This strategy of appealing to the Guomindang for concessions and possible power sharing remained the CCP’s approach until 1947. Despite the objective situation of unprecedented military contradictions between the two parties - the CCP now enjoyed a larger, more experienced and well armed force than ever before, despite still being much weaker in this regard than the Guomindang - the CCP put forward only one extremely tame demand in July 1945. This was for the replacement of the planned national assembly with a new political conference with three CCP, three Guomindang, three Democratic League and three independent members.

Once again, we must emphasise that this demand seems designed not to appeal to the increasingly revolutionary masses but merely to arrange a discussion behind closed doors. In the meantime, the CCP used the formal cover of negotiations to reorganise and if possible expand its bases.

In late 1945 a vague joint statement from both parties was drawn up which essentially just formalised the extremely unstable state of affairs. The CCP agreed to keep its own troops in demarcated zones and to reduce their numbers by three-quarters. But clearly the very existence of an alternative, armed state structure capable of appealing to the masses was intolerable for the bourgeois state, and inevitably this agreement was worthless. Within two weeks it fell apart as fighting broke out thanks to aggressive Guomindang troop movements (Guilermaz, A History of the Chinese Communist Party 1921-49, p383).

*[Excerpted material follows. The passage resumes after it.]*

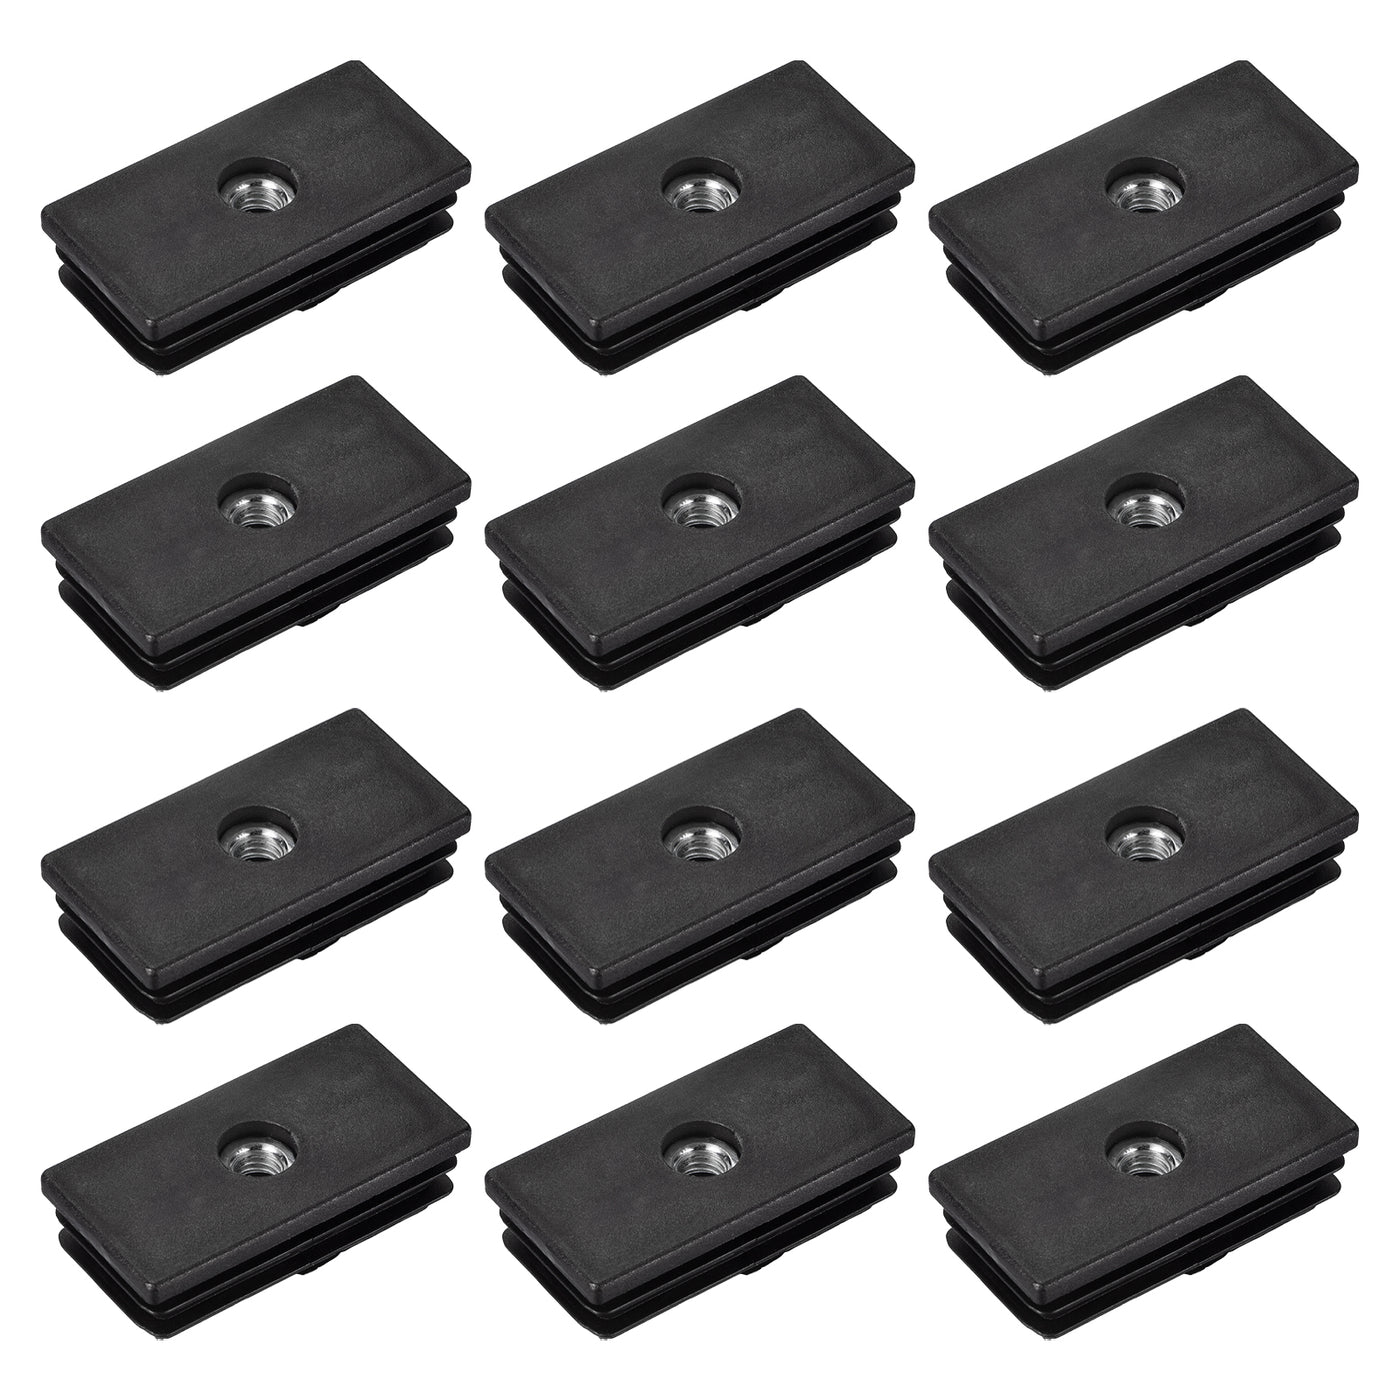 uxcell Uxcell 12Pcs 2.36"x1.18" Caster Insert with Thread, Rectangle M8 Thread for Furniture

There followed a tedious toing and froing of skirmishes and violations of agreements, followed by the resumption of joint agreements and ceasefires no one took seriously. In 1946, leading CCP members participated in the Political Consultative Conference, a sham and illegitimate meeting to begin with, and were thus responsible for the hopeless proposals it put out, which did not even meet the standards of limited bourgeois democracy. It called for a National Assembly to be formed, not via universal suffrage, but by delegates from professions and political parties, all decided behind closed doors presumably. Ten mysterious ‘experts’ were to draw up a new constitution. Despite this timid agreement, fighting continued in fits and starts, generally to the government’s advantage. Frustrated at the inability to win a real ceasefire, which they felt necessary due to their complete lack of confidence in the Guomindang, the US representatives finally gave up and left Chiang to his fate at the beginning of 1947.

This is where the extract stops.